Every Child Matters

Halloween Is Going to Be Different This Year

Can parents still make it fun?

Photo by Conner Baker on Unsplash

Hayrack rides, corn mazes, school parties, trick-or-treating. Are all of the typical kid activities off the table due to COVID?

This is the time of year when I am usually desperately searching the internet for an original looking costume for my daughter (I’m not that crafty at making my own.) But this year is different. This year my daughter hasn’t decided yet what she wants to be for Halloween.

She won’t have a school parade or party to show off her costume. We won’t attend any parties, and I can’t even tell her whether or not we will be able to go trick-or-treating. The uncertainty has taken all the fun out of choosing her costume. She says, what is the point if I can’t wear it out of the house?

I can’t let this happen. I’ve got to find a way to rescue Halloween.

Will we even have a choice?

If cities and counties decide to ban trick-or-treating, the choice may be made for us. Los Angeles County announced a ban on all door-to-door trick-or-treating and car-to-car trunk-or-treating. But there arose such a community outcry from this decision, they have now lifted the ban. Although no longer restricted, the activities remain “not recommended”. And the ban is still on for festivals, parties, or any kind of gathering.

So far, Los Angeles is the only major city to announce plans for Halloween. However, restrictions and bans may be possible in other areas as well. Mayor Lori Lightfoot of Chicago says plans will be announced at a later date, but not to expect mass crowds of trick-or-treaters.

And even if there is no ban in our city and we’re allowed to make our own choices, how many houses will be handing out candy? How many people will feel safe bringing their kids out to trick-or-treat in crowded conditions?

Is it safe to trick or treat?

Photo by Erica Marsland Huynh on Unsplash

The good news is that the virus seems to spread less with outdoor activities. And when you combine outdoors, with masks and social distancing it gets even safer. But, porches and sidewalks can get crowded on Halloween. There is no guarantee that everyone opening up their doors and passing out candy will be wearing masks inside their homes.

According to experts, it’s not the candy being handed out that we need to be worried about, but who we come in close contact with. The main source of spread does not appear to be from surface contact, but from breathing the air of others around you.

So the questions for trick-or-treating becomes:

  • Are you trick or treating with people outside of your household group?
  • Are you congregating on sidewalks and porches in crowded conditions?
  • Are you and those around you wearing masks?

Unless cities and counties ban trick or treating altogether, parents will have to decide for themselves what to do this year.

This is going to be another one of those cases where parents are on their own deciding between two difficult choices. Just as parents had to make tough school decision earlier this year, Halloween will be fraught with uncertainties.

Safety tips if you do trick or treat

If you decide to go, you can reduce your chances of contracting COVID by following these steps.

  • Wear a mask. The evidence proves it, masks work. And what better holiday to wear a mask than Halloween?
  • Avoid crowds. This isn’t the year to trick or treat in large groups. You’re better off going out with members of your household. According to the CDC, the more people gathering, the higher your chance of infection becomes.
  • Social distance. Don’t let your kids rush up to a crowded porch. Keep your distance of 6 feet or more.
  • Watch levels of community transmission. Pay attention to caseloads and positivity rates before you decide to take your kids out on Halloween. Listen to the experts. If your area is experiencing a surge or uptick in cases, this may be the year to skip the crowds and find your fun at home.
  • Leave a bowl outside on your porch. If you want to pass out candy and it’s allowed in your area, you may want to consider setting a bowl outside for kids to pick out themselves. I know this can lead to one child pouring the entire bowl into his bag, but it may be the way it goes this year.
  • Pass out candy safely. Although surface contact isn’t the main spread, it’s still possible. You can use tongs instead of your hands to pass out candy. And wear a mask. Even if you’re in your own home, if you pass out candy you will be within 6 feet of others. So your mask is required.

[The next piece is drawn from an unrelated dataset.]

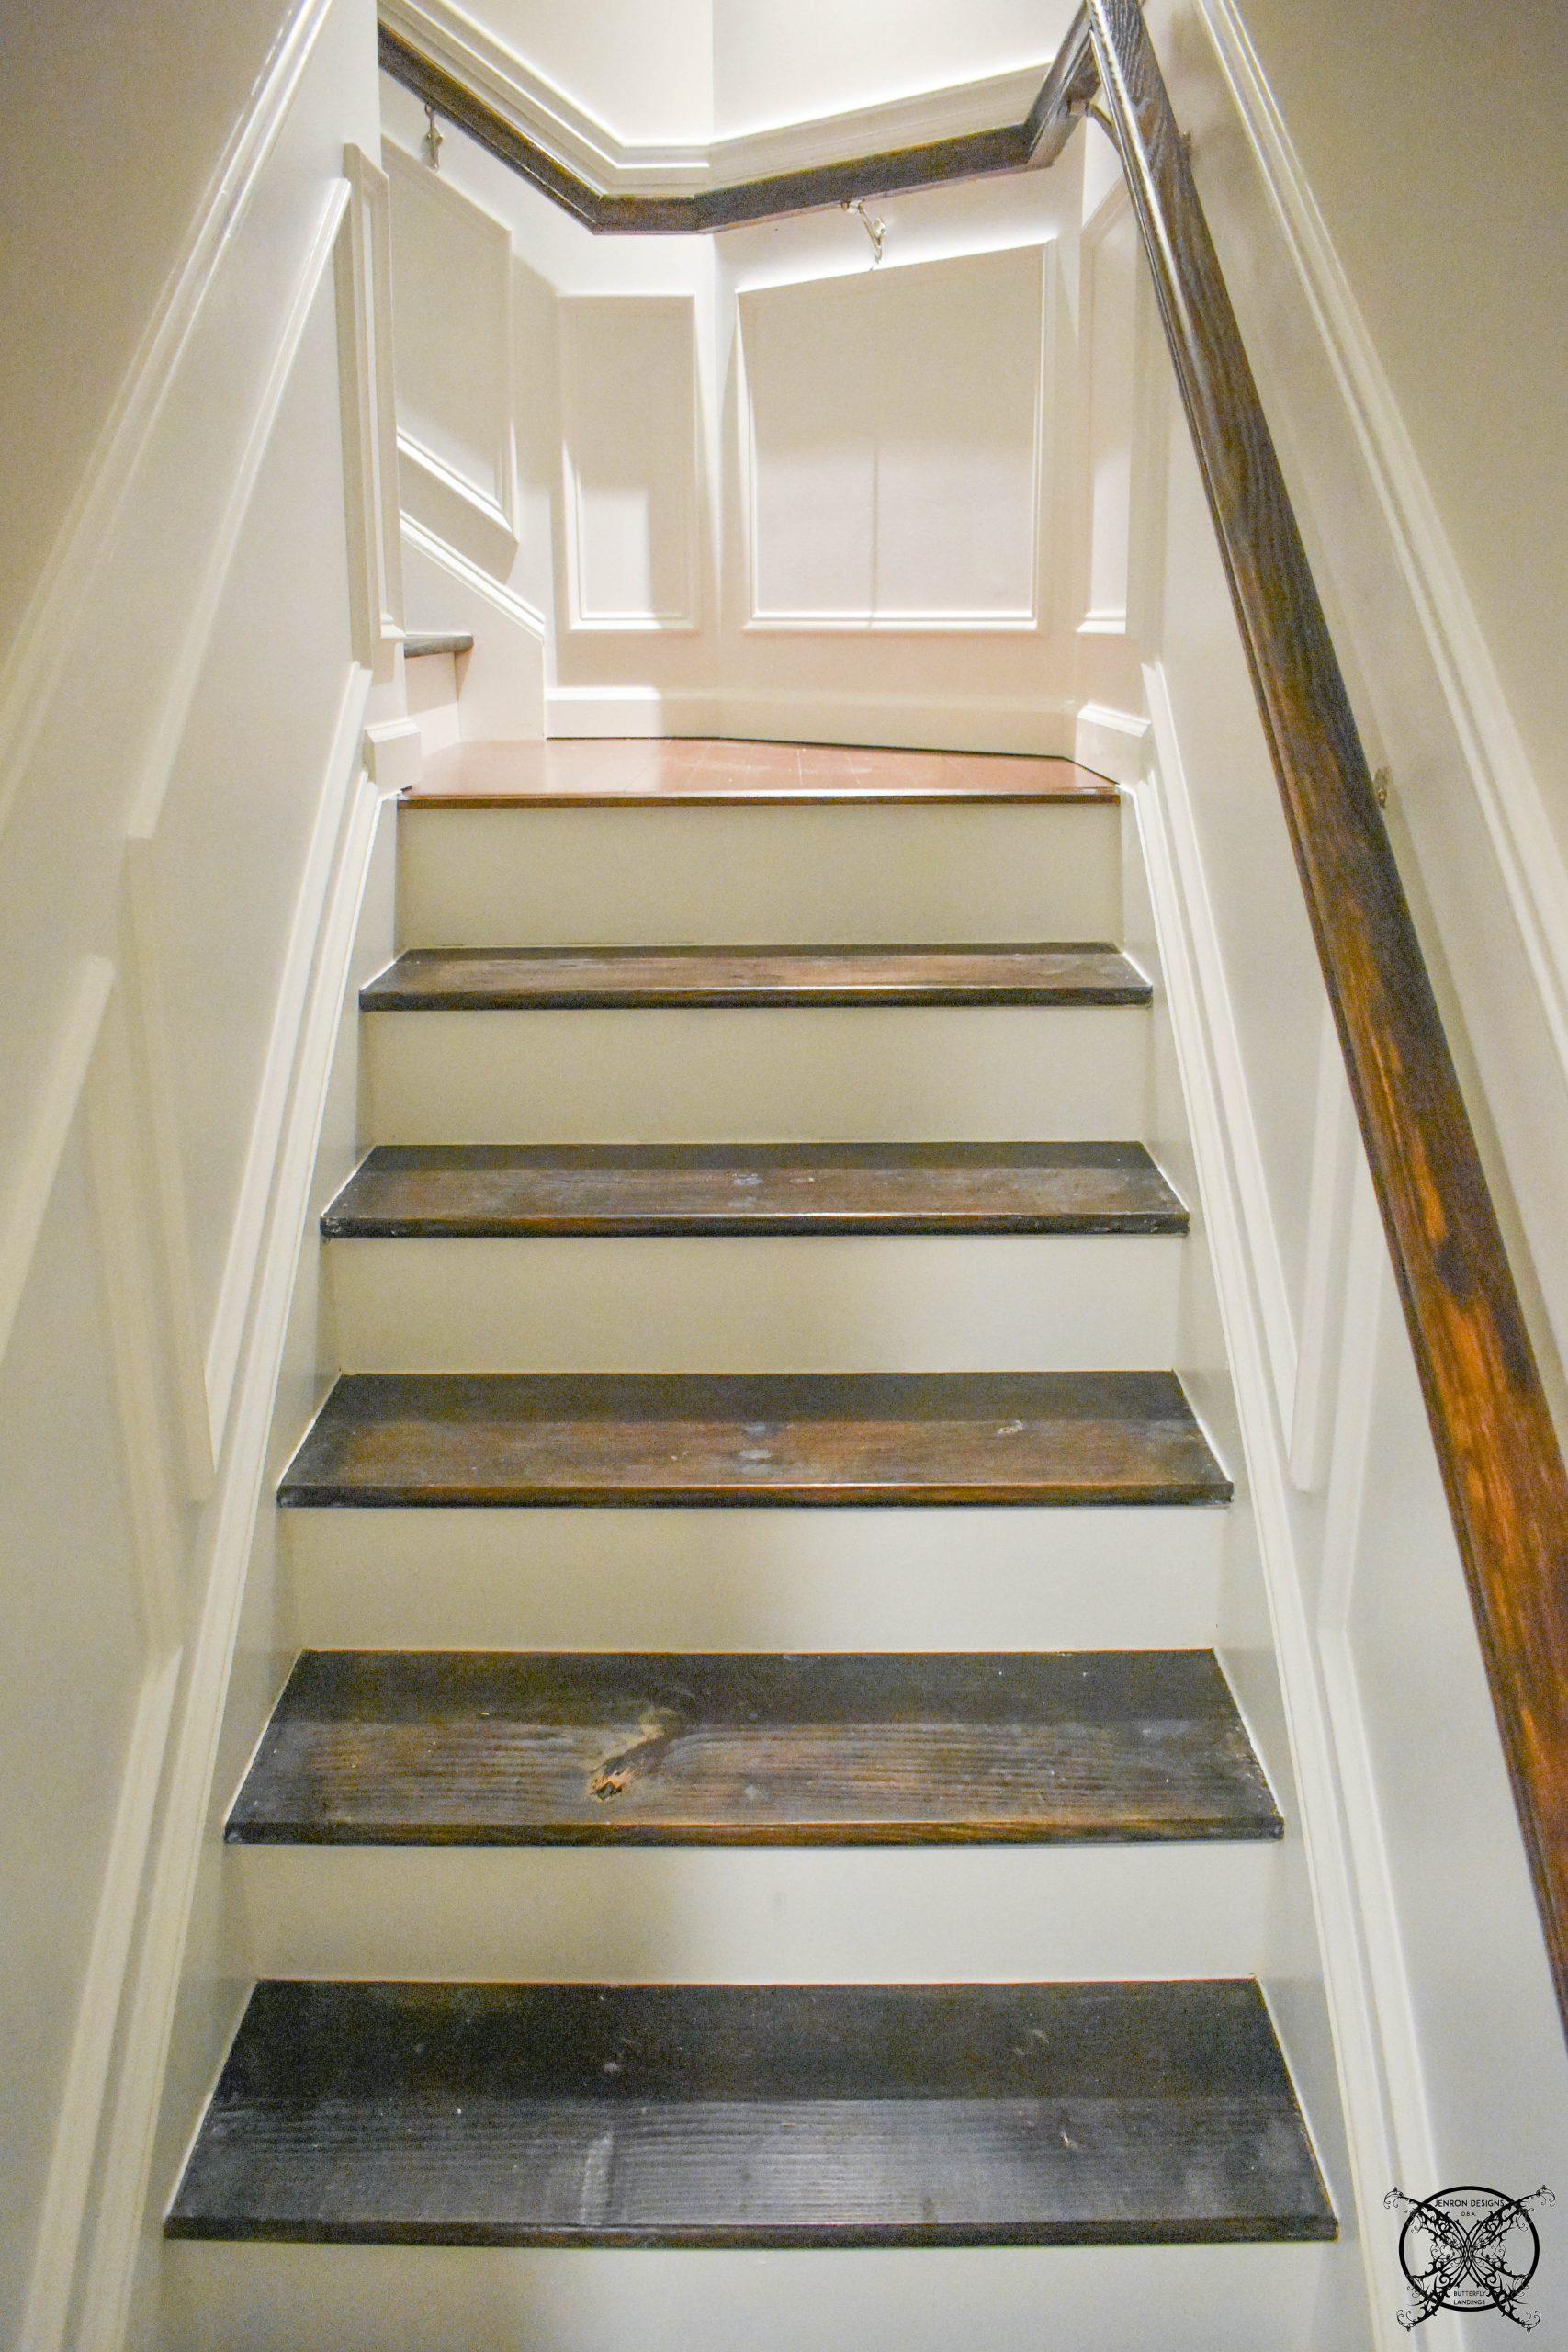 Stair Landing DIY JENRON DESIGNS

What about other fall activities?

I can’t let this happen. I’ve got to find a way to rescue Halloween.

Photo by Patrick Fore on Unsplash

The corn maze is out for our family. The narrow passageways do not allow for social distancing. But maybe pumpkin picking in a big field where we can keep our distance is okay.

Our school is all virtual learning, so there won’t be class parties or costume parades. But hopefully neighborhoods and communities can find safe ways to make this holiday special for kids.

A socially distanced neighborhood costume parade might be okay. House decorating contests are fun and safe. You can still let your kids dress up in costumes, even if they don’t trick or treat. You can make treats, put up decorations, and watch scary movies.

Canceling Halloween may seem like a small thing compared to all of the other disasters occurring. But parents know Halloween is a big deal in the kid world. We’ve got to figure out how to make it fun without sacrificing safety.

Yes, it’s going to look different this year, but we can still have a celebration. This generation of kids is learning more about flexibility and adaptability than we could have ever imagined. Let’s keep it positive and fun without turning Halloween into a super spreader event.